» Problem to work on
Please print the full listing below exactly, but not the pictures in it.

» Material provided
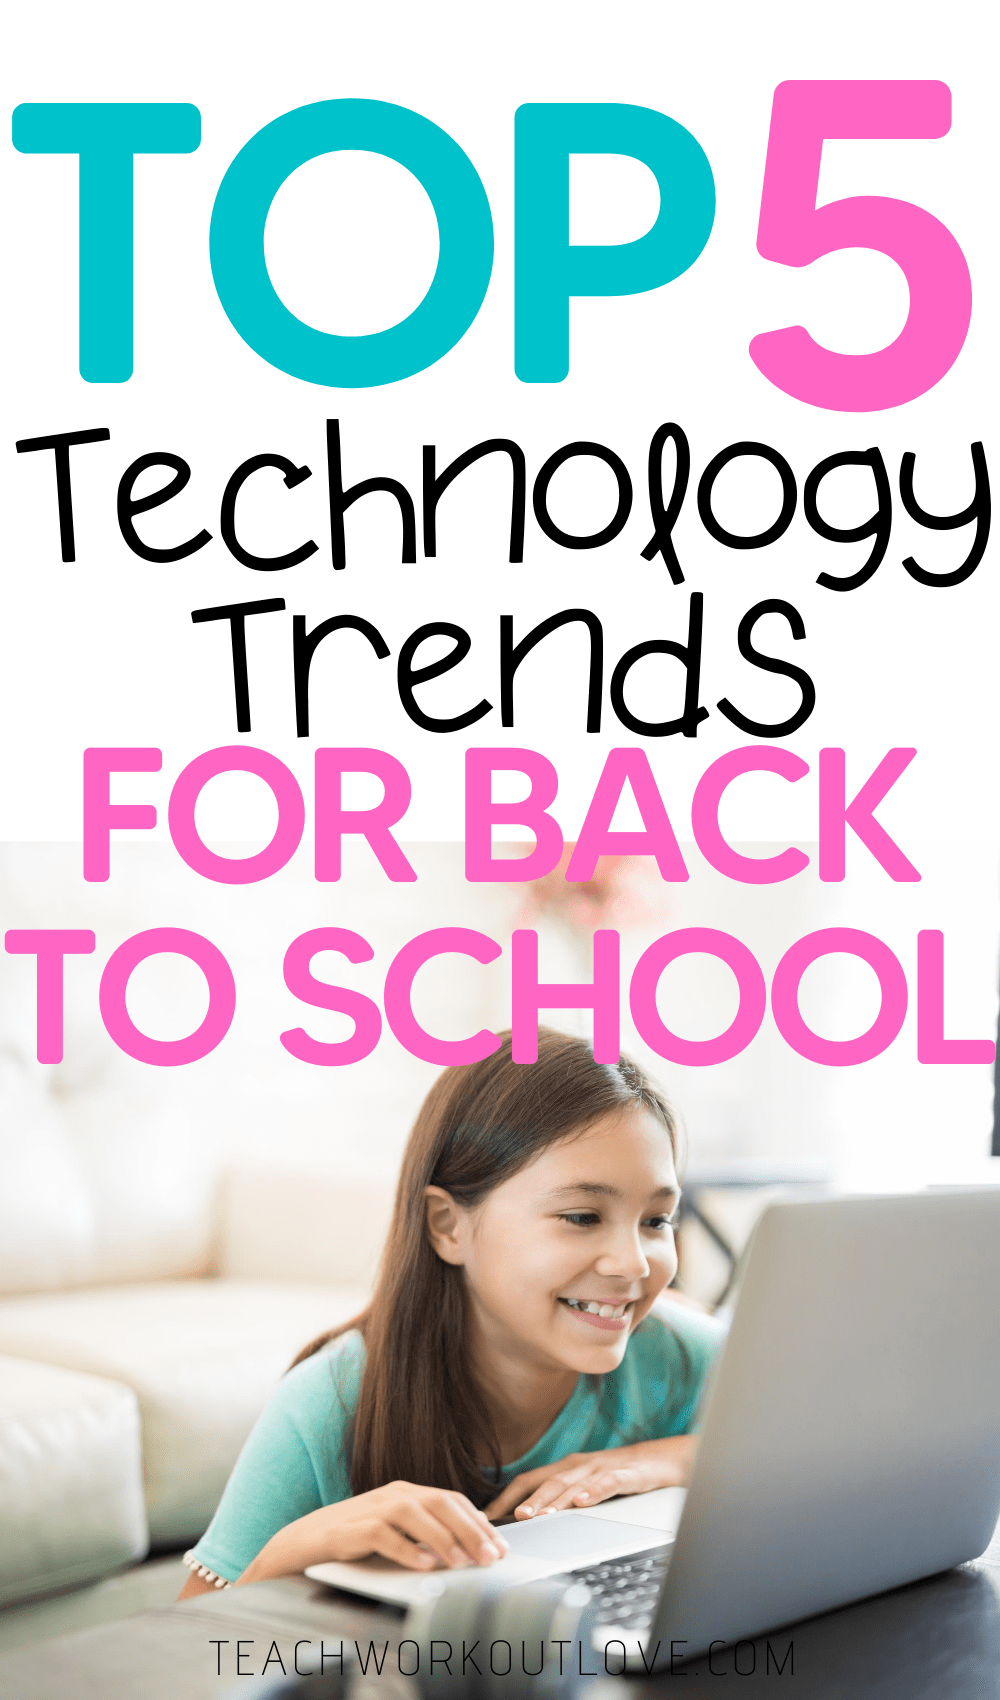 Curious which top tech trends to add to your back-to-school shopping list? Ahead are some of the most essential gadgets for the 2020-2021 school year.
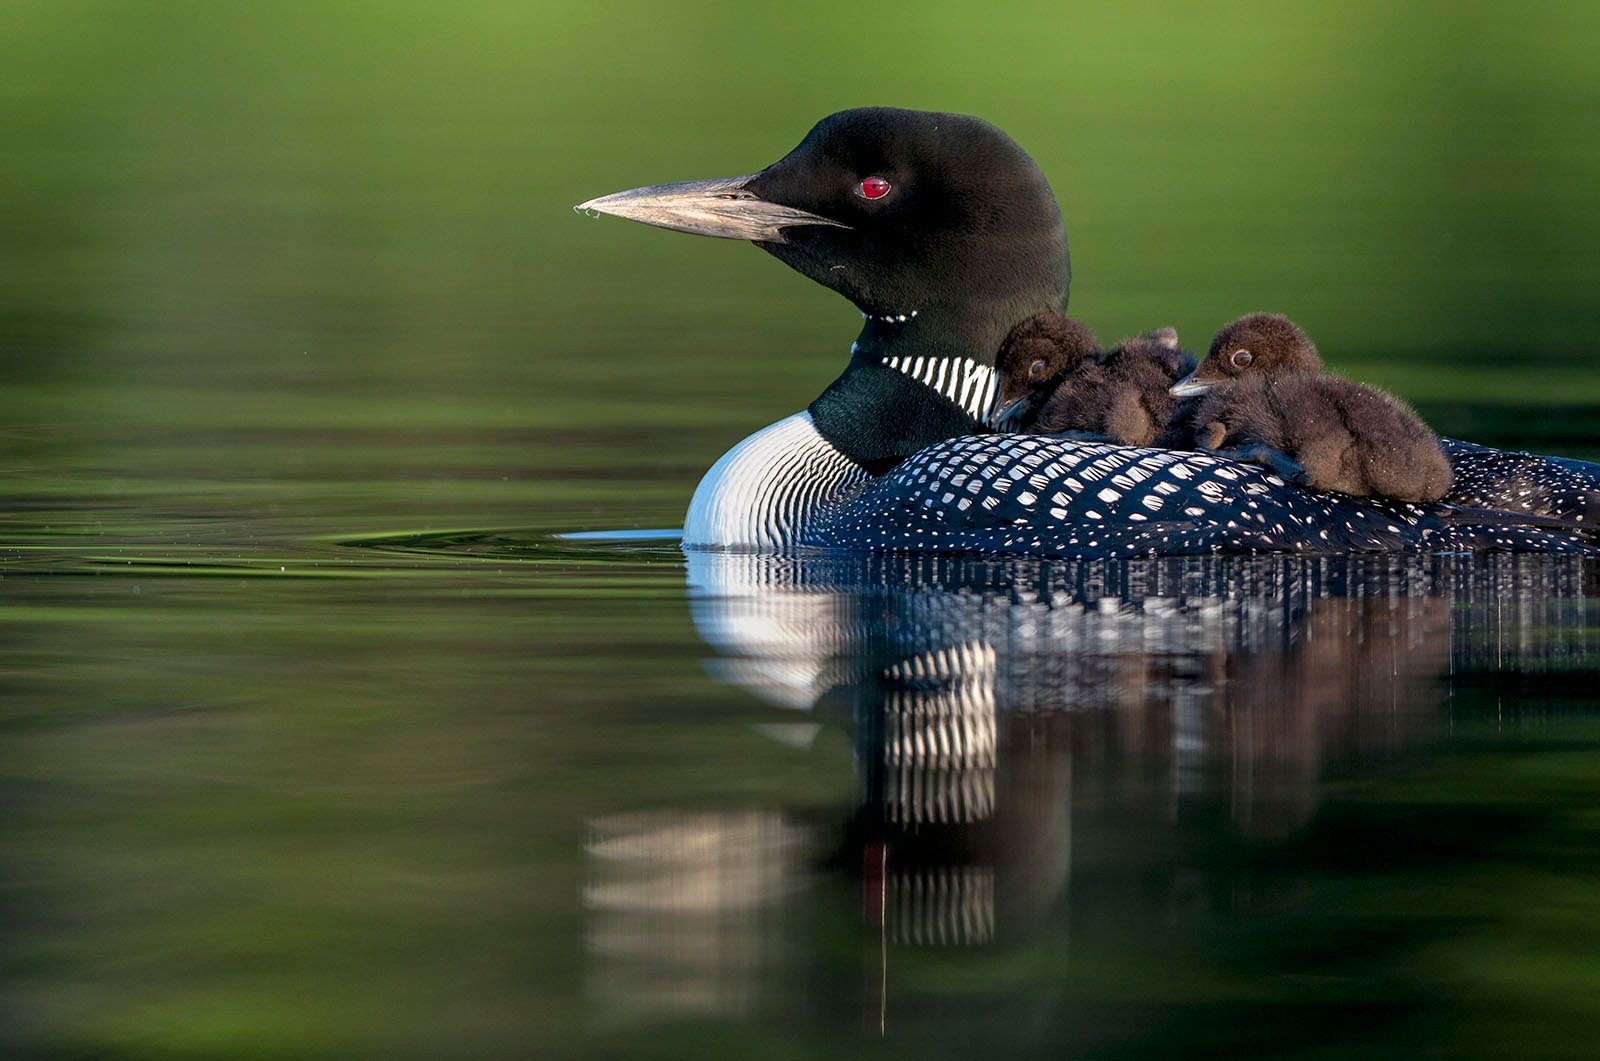 A common loon with a sleek black head and speckled body floats on calm water, carrying two fluffy brown chicks on its back. the bird's distinct red eyes prominently stand out.
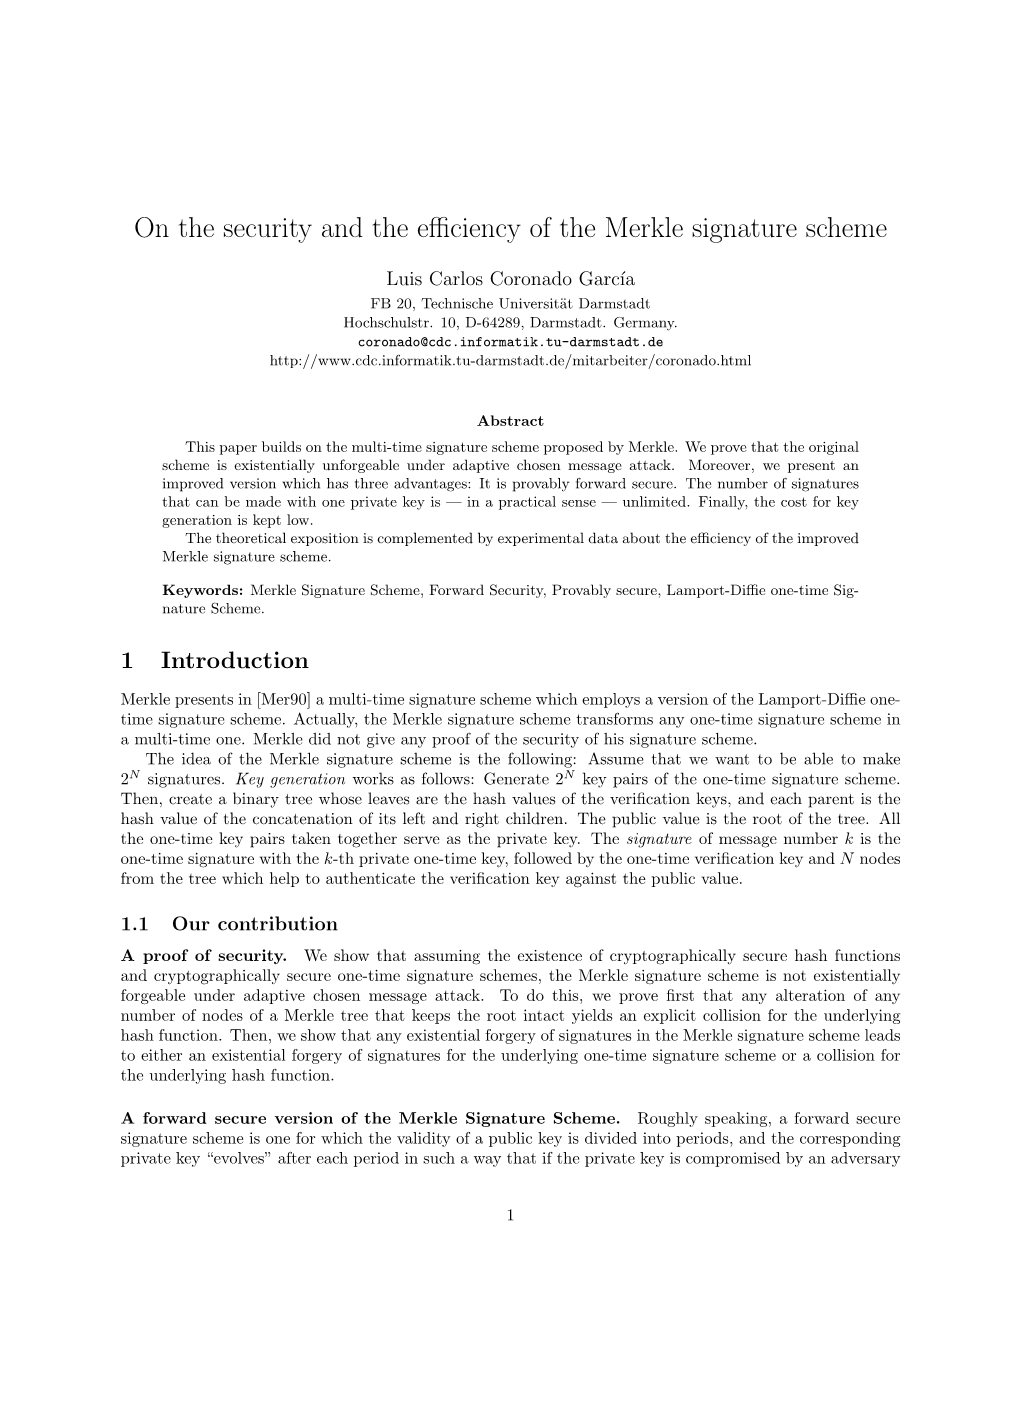 On the Security and the Efficiency of the Merkle Signature Scheme

» Output of the exercise
 Curious which top tech trends to add to your back-to-school shopping list? Ahead are some of the most essential gadgets for the 2020-2021 school year.
 A common loon with a sleek black head and speckled body floats on calm water, carrying two fluffy brown chicks on its back. the bird's distinct red eyes prominently stand out.
 On the Security and the Efficiency of the Merkle Signature Scheme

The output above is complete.